Panceatic Cancer, Part 9: An Update

On Monday, Peggy had a CAT-scan following her sixth chemo; the results were encouraging. Marc, her oncologist plans to give her six more treatments, and assuming they go well, will follow them up with radiation, and a possible pancreatectomy. 

I asked Peggy in advance for permission to take a picture of her and Marc. When she said no, I persisted, and she objected that Marc wouldn’t want his picture made. I considered this unlikely, but he went me one better by suggesting that his assistant take it so we could all appear. When Marc read her shirt, he said, “I take full credit.”  Perhaps he meant to say that she looks good, as indeed she does, although I thought she looked better when she had no hair at all. 

Within minutes of meeting Marc for the first time, he said that choosing palliative care only would be a reasonable option, and that if she did so, she could expect to live six months. That was four months ago.

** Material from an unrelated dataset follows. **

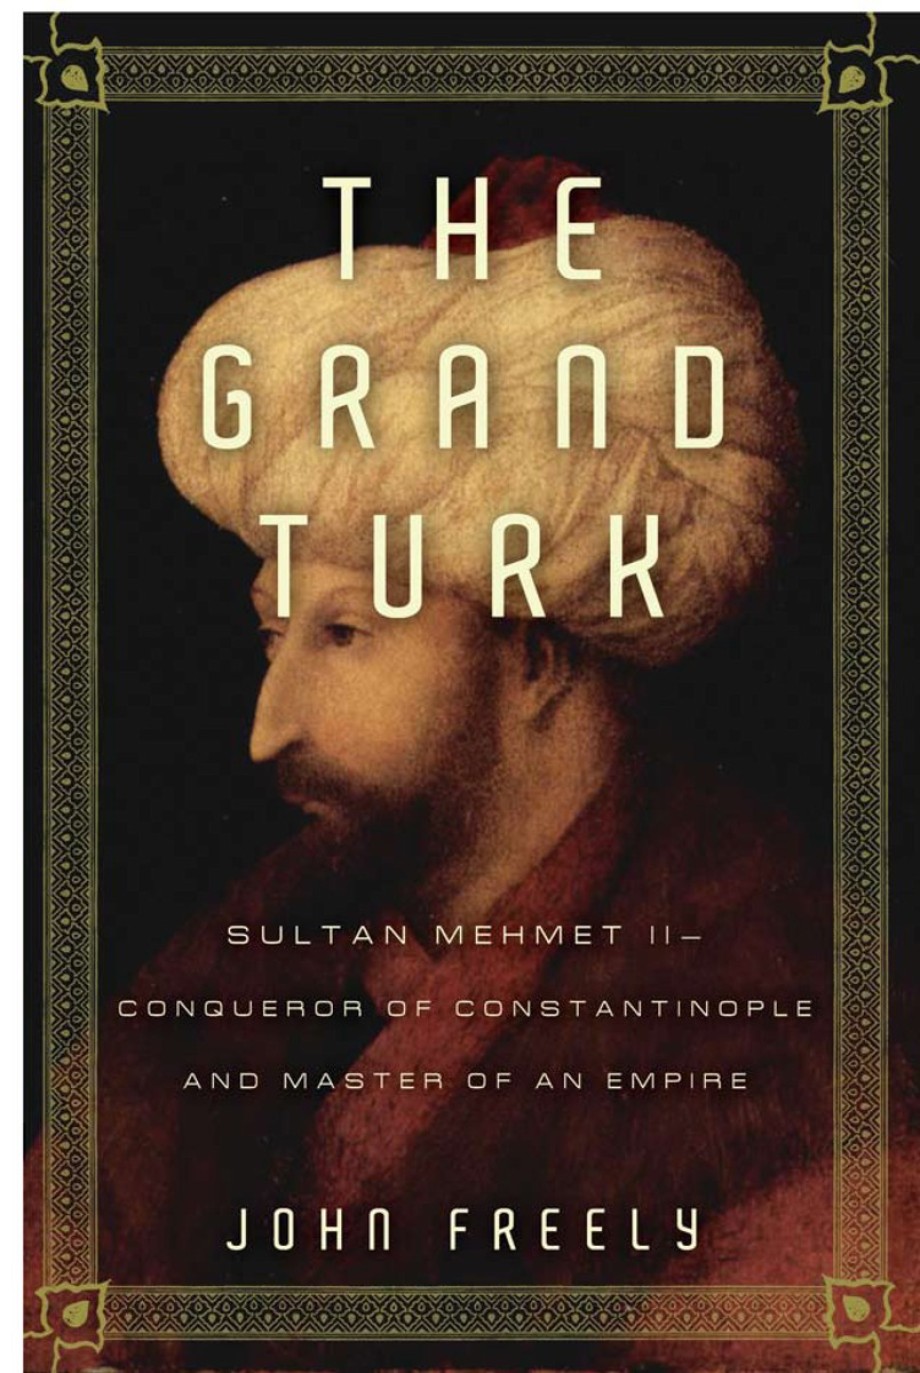 Grand Turk Sultan Mehmet II-Conqueror of Constantinople and Master of an Empire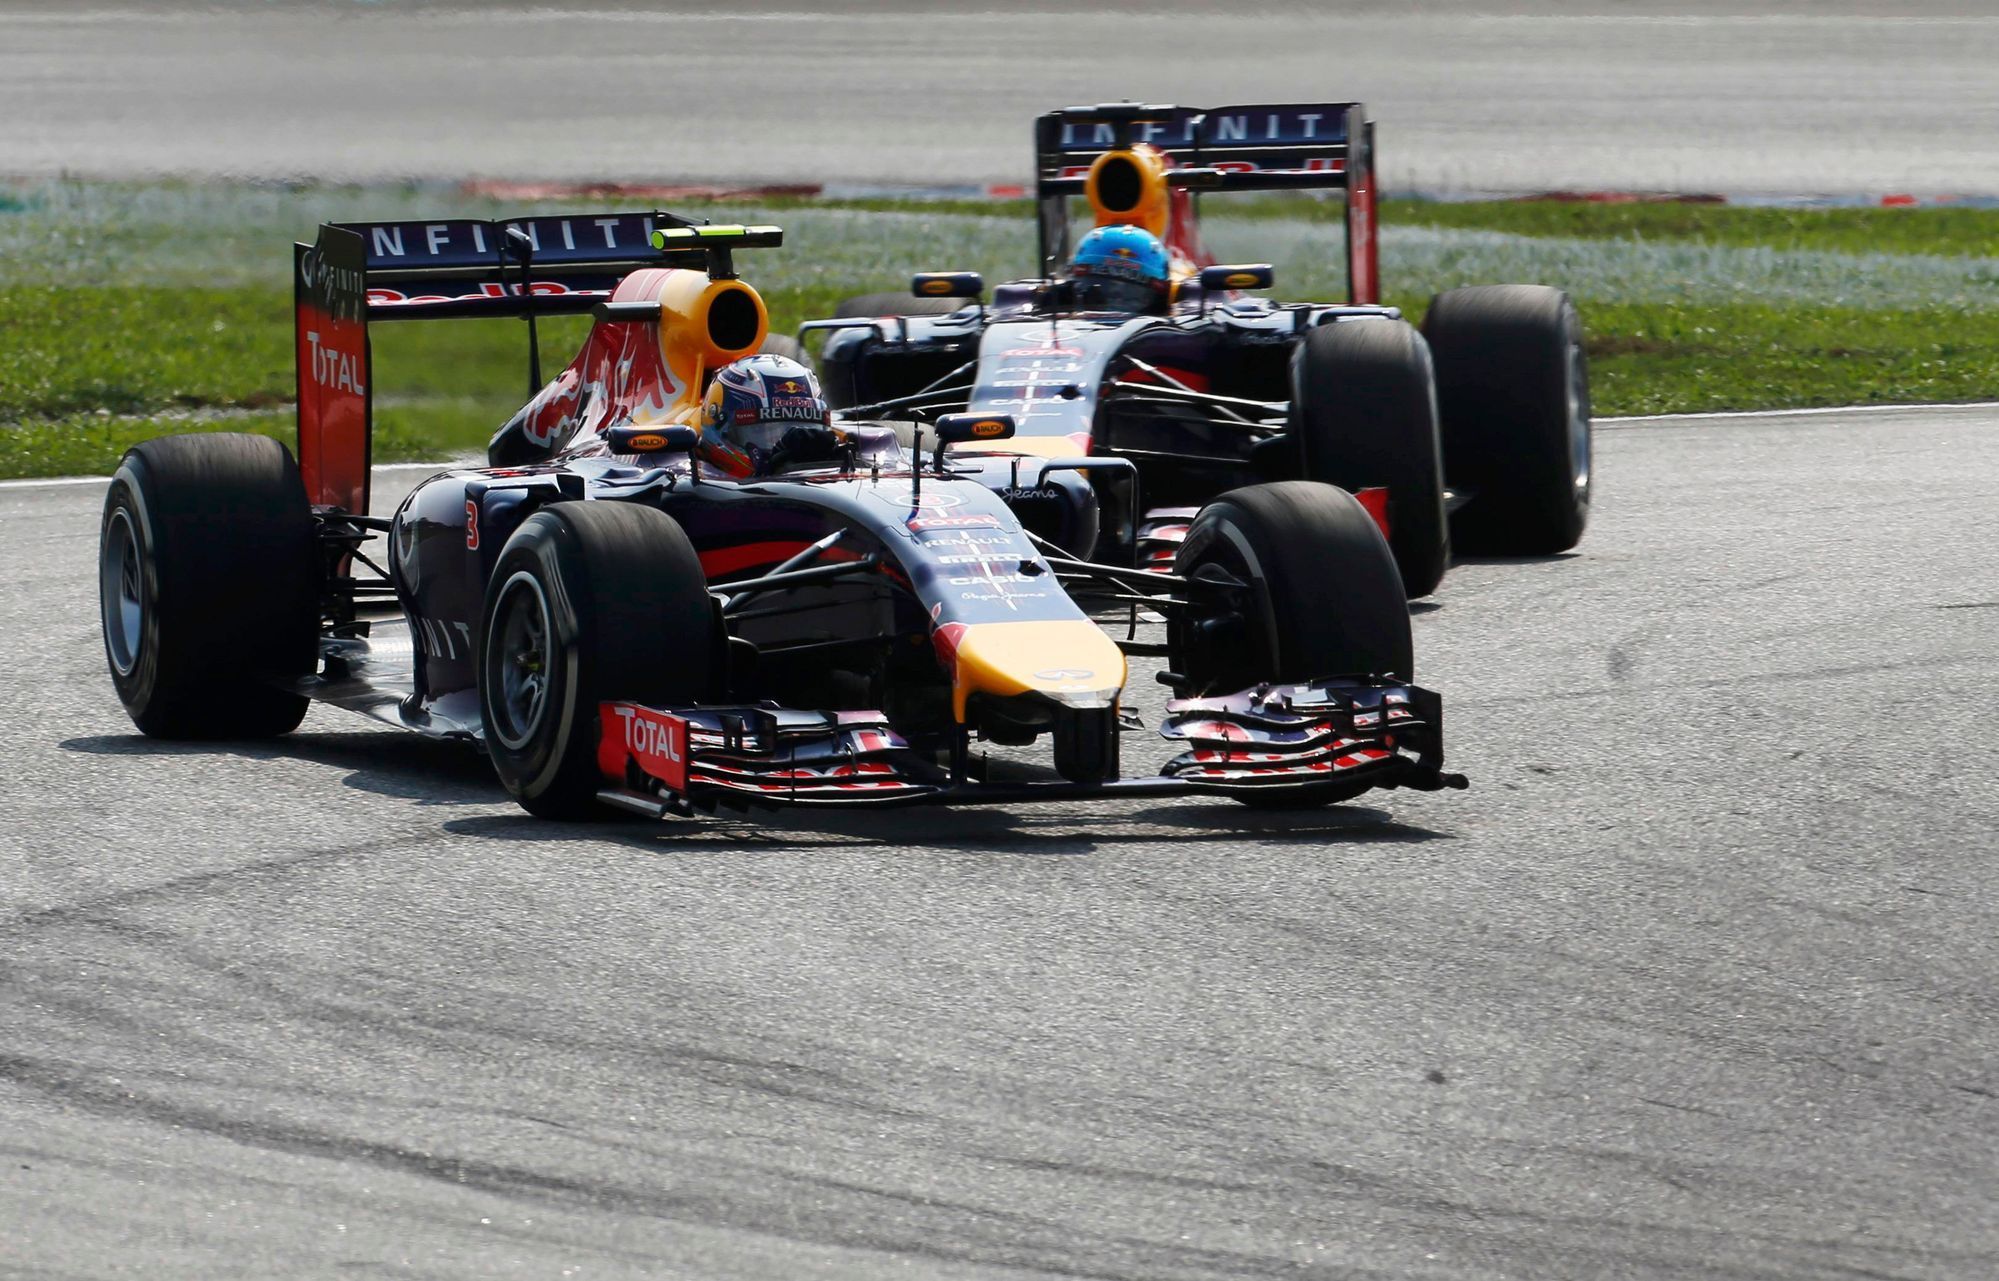 Red Bull Formula One driver Ricciardo drives ahead of team mate Vettel during the Malaysian F1 Grand Prix at Sepang International Circuit outside Kuala Lumpur

As always, he warned her that the chemo will eventually stop working, or that her body will cease to tolerate it. She wished that he hadn’t said this on the happiest day since her diagnosis.

Yesterday, she had her seventh chemo and her second bone strengthener. It's such a terrible combination to endure that she prepared for it by taking an Ativan. She has a number of drugs that many people would kill for, but she rarely takes them.